Tuesday, July 8, 2014

What to Do With YOur Share---Week 9

The tomatoes are starting and we hope continuing for much of the rest of the season. Along with the cukes, zukes, onions, peppers and eggplant the summer planting is flourishing. The potatoes are the perfect topping to this abundance. We are looking forward to them being in the shares every other week for awhile.

Perhaps my favorite potato dish is fried with onions and peppers. I have learned the trick of steaming everything before frying to obtain the perfect texture. This weeks potatoes, a combo of Red Pontiac and Purple Viking, really make this dish.

Another item this week is garlic. We only recently dug this pungent allium from the ground, and it does best if it is dried back for about a month. This share's garlic is only 2 weeks old, but still plenty edible. We suggest that you use it within the next couple weeks.

freshly dug garlic
We also are continuing to keep up with our cover cropping schedule, recently seeding numerous beds with a combo of cowpeas and sudan grass.
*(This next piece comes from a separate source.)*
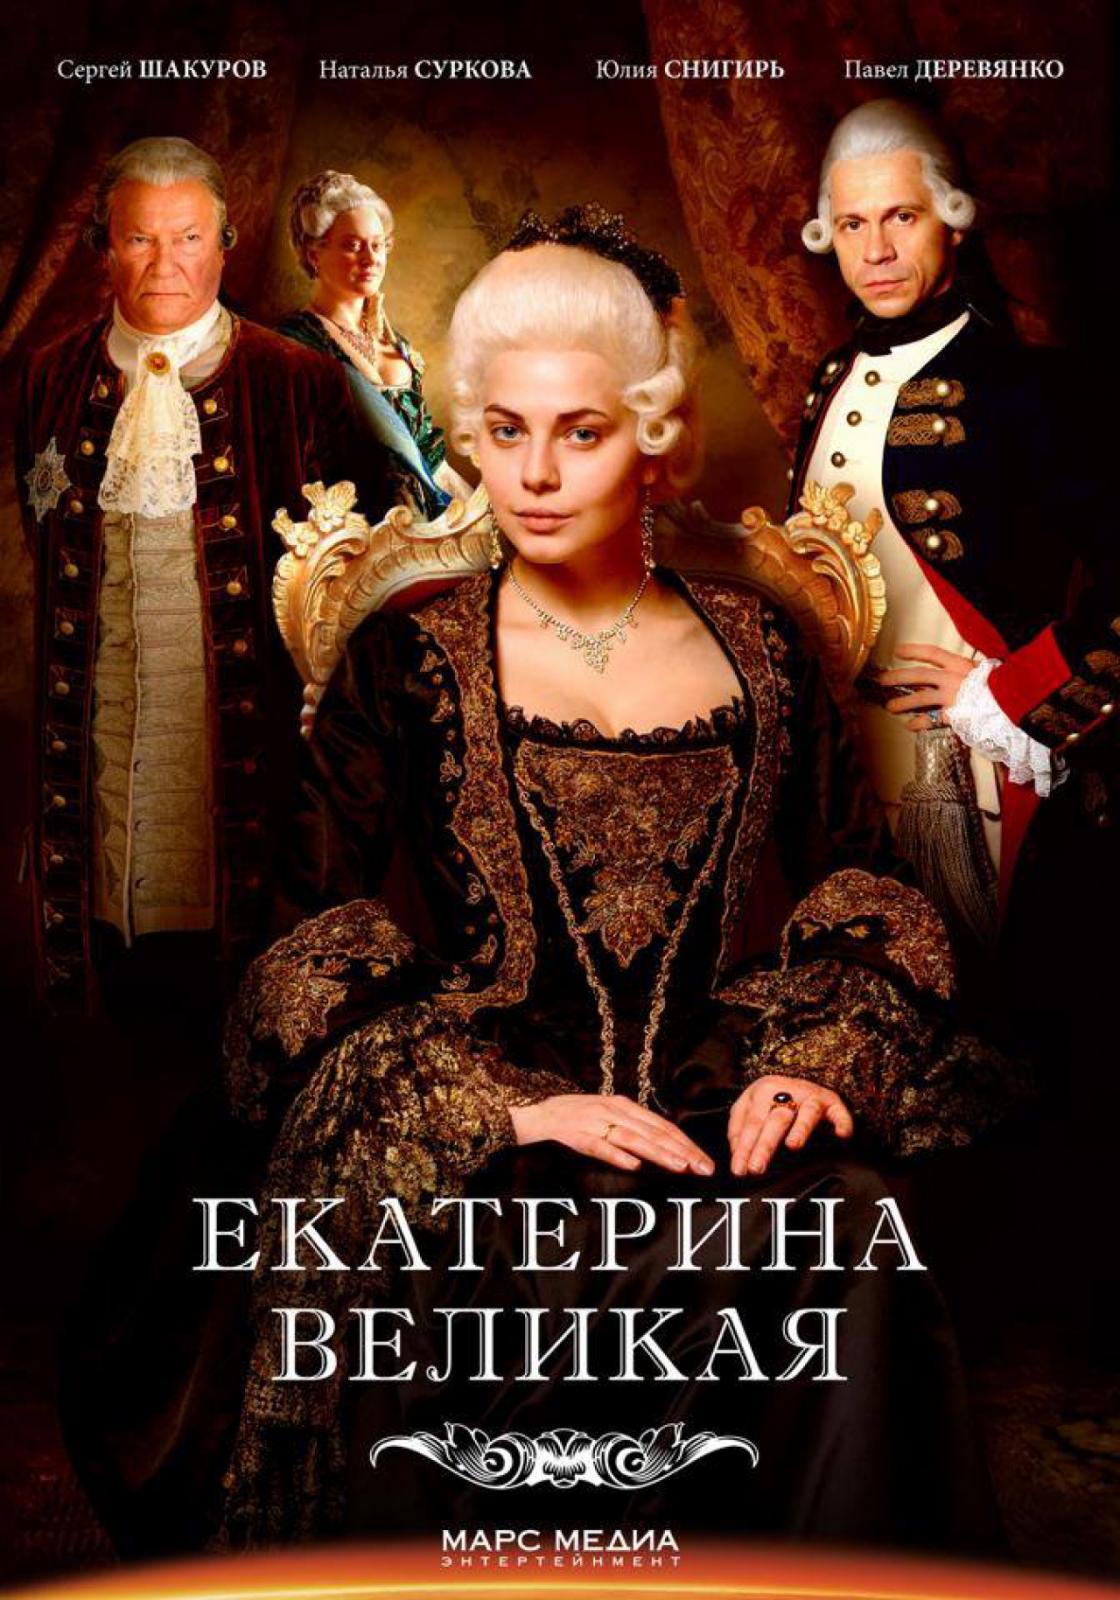 Сериал Екатерина Великая (Россия)

These seedings came up well, and bode well for future crops.

cowpeas and sudan grass at sunrise

In the Share - Week 9

TOMATOES F/P The first of the season.  Some will get cherry tomatoes, others a small sampling from the heirloom and hybrid slicers.   The hybrid red tomatoes are first to bear fruit along with a few of the "black" heirlooms.  The cherry tomatoes come in a rainbow of colors.  No matter the color, a ripe tomato should be bright -colored and soft to the touch.

NEW POTATOES F/P  We are determined to start digging the taters tomorrow despite the mud  Don't expect them to be super free of dirt, but they are so yummy when fresh.  Refrigerate if you want to keep them for very long.  They have yet to grow their thick skins.

SWEET PEPPERS F/P  Pruning a few off the developing plants helps keeps them growing. 

CUCUMBERS F/P  The cukes are still going strong.

SUMMER SQUASH F/P  A mixture of zucchinis and yellow squash for all.  We are loving the zucchini noodles!

GARLIC  F/P  The garlic is juicy at this early stage.

BASIL AND PARSLEY  F/P  Basil for the tomatoes and parsley for the potatoes.

LETTUCE F  Small crunchy heads from a late Spring planting.

EGGPLANT F  We like to toss eggplant with olive oil and broil until it as soft as a cooked mushroom.

NEXT WEEK:  More tomatoes, cucumbers, summer squash, peppers and eggplant.  Carrots and sweet onions return. 

A lot has happened since last Tuesday.  The most obvious change is the new barn shaping up before our very eyes.  It really is nice to see it come together so quickly and nicely too.  In a week's time Arlen and his brothers had the structure up, roofed and concrete poured. 

The rainbow in the photo came after one of the many rain storms that have been around this week.  Storms with strong winds and lots of rain came through last night but everything fared alright.